Actually, Chinese started out as a spoken language which began to be written
with logograms in the 3rd millenium BCE.  The usage of the written language
follows that of the spoken language.  (All right, that's somewhat simplified:
the spoken language of several hundred years ago, although that is in process
of being reformed.)

>What does grammar consist of?

Depends on the school you went to. ;->  Seriously, this is an area of intense
study, and has been for the last half century.  Before that, we all "knew" what
grammar was:  A list of rules, and examples thereof.
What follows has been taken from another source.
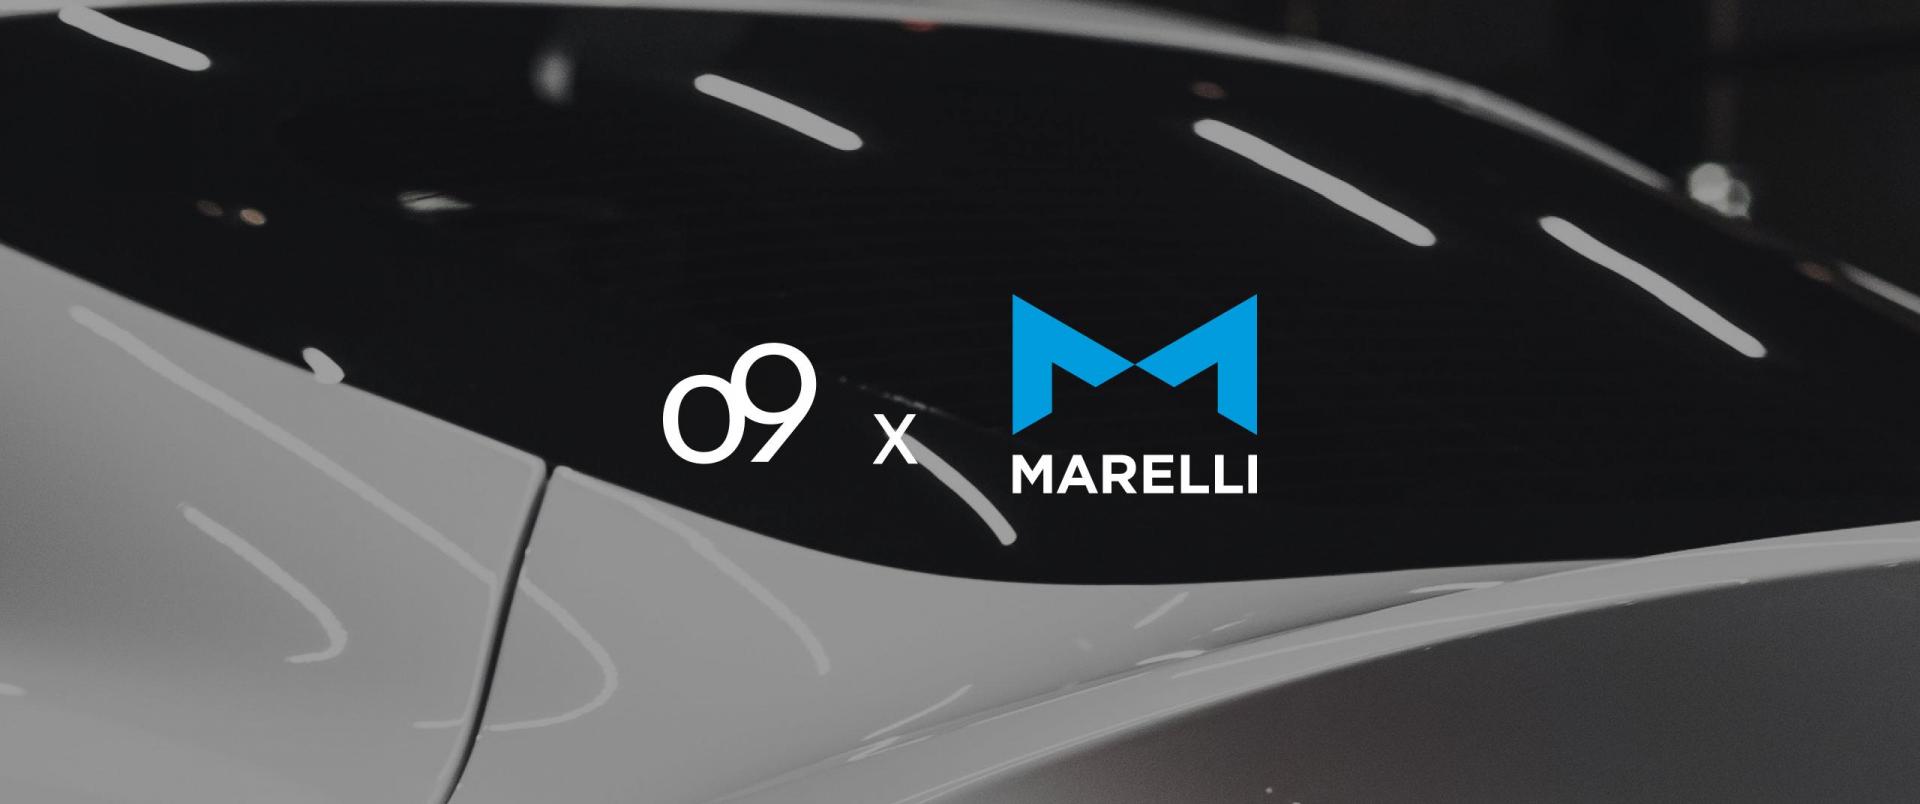 O9 and marelli logos

>How do you know whether it is there?

Because you can devise tests for native speakers of a language that will elicit
value judgments on utterances from them.

>Can you have a language without grammar?

No.

>Grammar seems to imply more than word order.

Again, depends on what school you attended.

>Does it not tell us how to make sense out of words that are placed near each
>other, or in a given context?

See my earlier answer.

>How does it work?

This is one of the most hotly debated issues in the entire study.

>Is it a set of rules that tell us how to create meaning from words?

See my earlier answer.

>Can the airport signs be said to have a grammar?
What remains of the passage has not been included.